From b8ca56fe055a72979d05dbd79f9f81ec0edbf441 Mon Sep 17 00:00:00 2001
From: Ryan Goldberg <rgoldber@redhat.com>
Date: Tue, 20 Dec 2022 11:52:34 -0500
Subject: [PATCH] Added language server feature: completion

---
 elaborate.h                              |   3 +
 language-server/stap-code-completion.cxx | 478 +++++++++++++++++++++++
 parse.cxx                                |  24 ++
 tapsets.cxx                              |   3 +-
 4 files changed, 507 insertions(+), 1 deletion(-)

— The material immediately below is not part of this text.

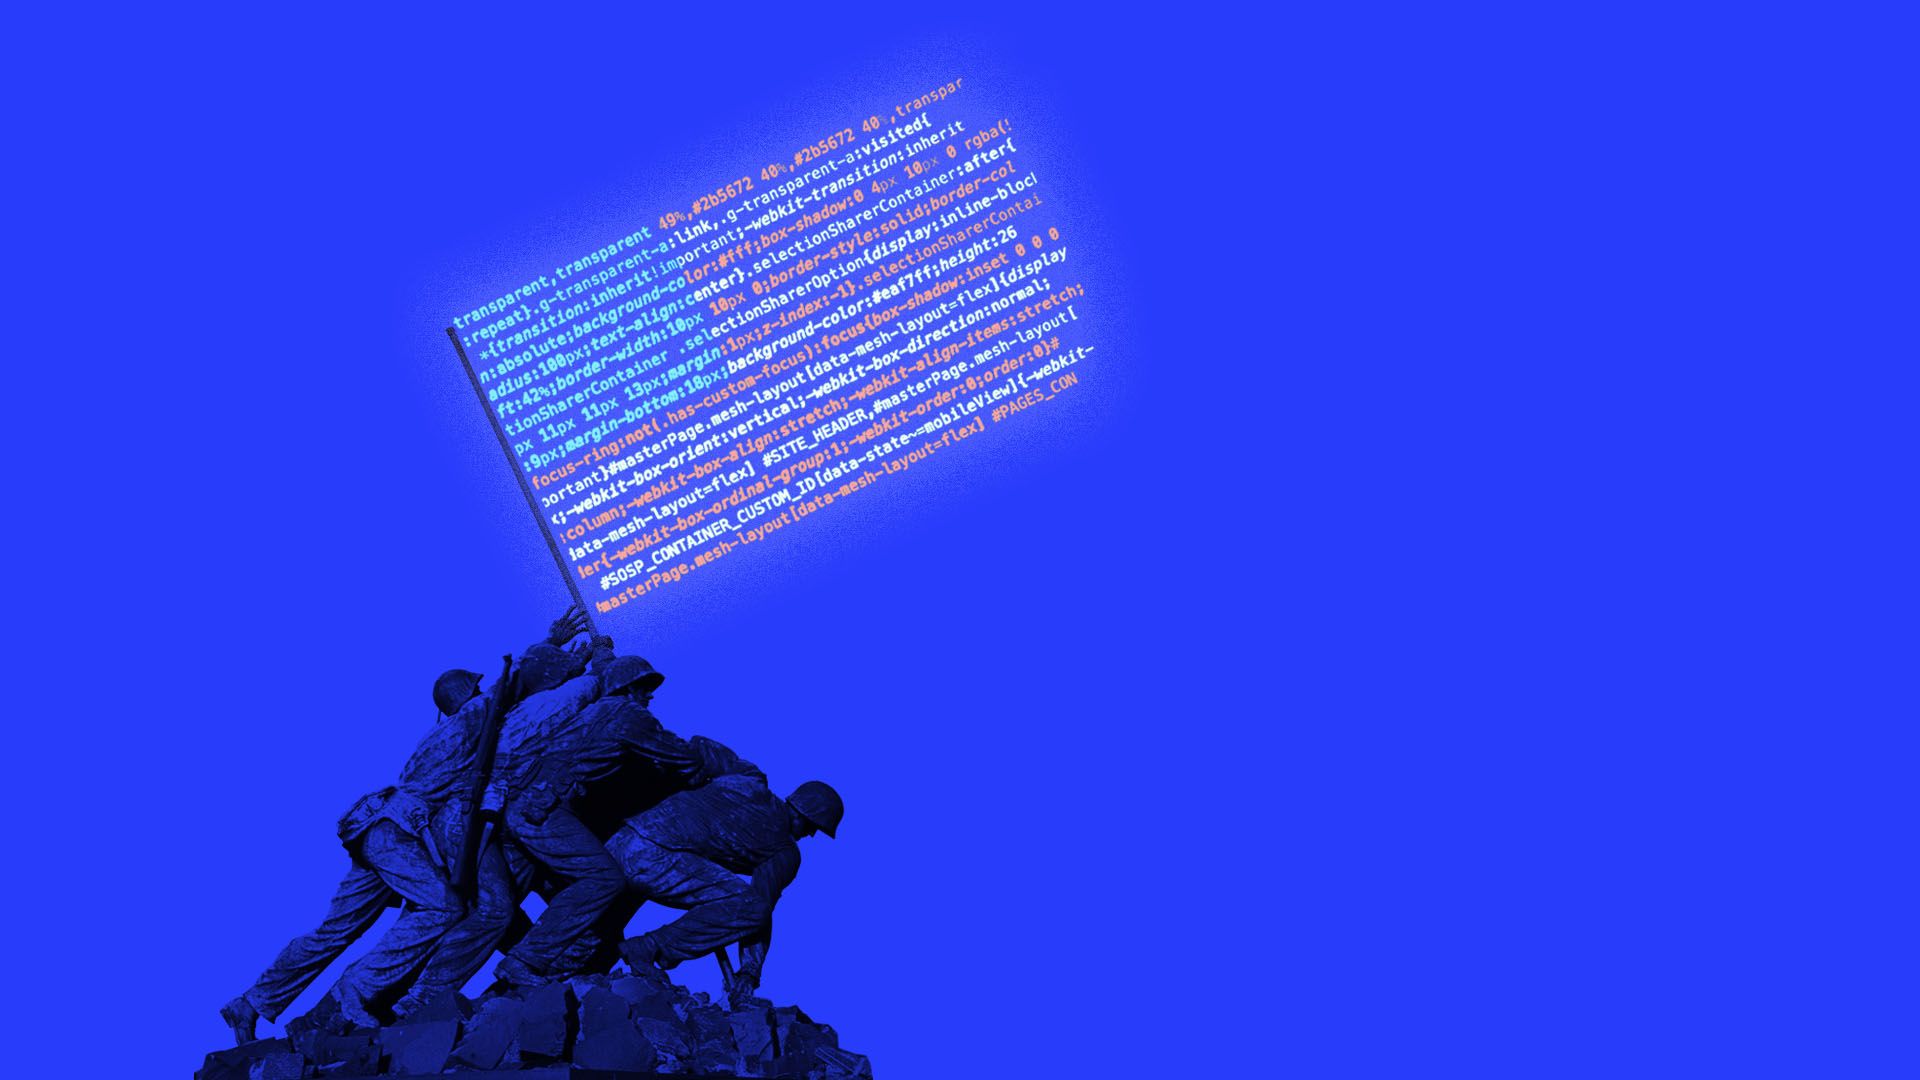 Illustration of Iwo Jima American flag raising with the flag in code

 create mode 100644 language-server/stap-code-completion.cxx
diff --git a/elaborate.h b/elaborate.h
index 7bfb439b8..91c12a5b8 100644
--- a/elaborate.h
+++ b/elaborate.h
@@ -391,6 +391,7 @@ match_key
 };
 
 
+class lsp_method_text_document_completion; // Used for the language-server
 class
 match_node
 {
@@ -422,6 +423,8 @@ match_node
 
 private:
   privilege_t privilege;
+
+  friend class lsp_method_text_document_completion;
 };
 
 // ------------------------------------------------------------------------
diff --git a/language-server/stap-code-completion.cxx b/language-server/stap-code-completion.cxx
new file mode 100644
index 000000000..bbb4b8427
--- /dev/null
+++ b/language-server/stap-code-completion.cxx
@@ -0,0 +1,478 @@
+// Language server code completion
+// Copyright (C) 2022 Red Hat Inc.
+//
+// This file is part of systemtap, and is free software.  You can
+// redistribute it and/or modify it under the terms of the GNU General
+// Public License (GPL); either version 2, or (at your option) any
+// later version.
+#include "config.h"
+#include "staptree.h"
+#include "parse.h"
+#include "session.h"
+#include "elaborate.h"
+#include "stap-probe.h"
+#include "stap-language-server.h"
+
+#include <json-c/json.h>
+#include <iostream>
+#include <signal.h>
+#include <sys/select.h>
+#include <filesystem>
+#include <numeric>
+
+/* Utilities */
+
+static string
+pc2str(parse_context pc)
+{
+    switch (pc)
+    {
+    case con_unknown:  return "con_unknown";
+    case con_probe:    return "con_probe";
+    case con_function: return "con_function";
+    case con_global:   return "con_global";
+    case con_embedded: return "con_embedded";
+    }
+    return "undefined context";
+}
+
+static string join_vector(vector<string> vec, string delim)
+{
+    stringstream result;
+    for (auto it = vec.begin(); it != vec.end(); ++it)
+    {
+        result << *it;
+        if (it != vec.end() - 1)
+            result << delim;
+    }
+    return result.str();
+}
+
+static inline bool
+in_body(string &code_snippet)
+{
+    return code_snippet.find('{') != string::npos;
+}
+
+/* Split a probe signature into a vector of component-param pairs
+ * Ex. foo("a").bar(2).baz -> [ {"foo", "a"}, {bar, "2"}, {"baz", ""} ] 
+ */
+void tokenize_probe(const string &str, vector<pair<string, string>> &tokens_and_params)
+{
+    auto lex_probe_component = [&tokens_and_params](string full_token)
+    {
+        size_t p_start = full_token.find('(');
+        if (p_start != string::npos)
+        {
+            tokens_and_params.push_back({
+                full_token.substr(0, p_start),
+                full_token.substr(p_start + 1, full_token.find(')', p_start) - p_start - 1)
+            });
+        }
+        else
+        {
+            tokens_and_params.push_back({full_token, ""});
+        }
+    };
+
+    // Walk the probe signature, until a new component is found
+    // Lex the previous stringified component into a token & (possible) param
+    // It is important to consider if we're in a string since '.' can appear within a string (Ex. libc.so)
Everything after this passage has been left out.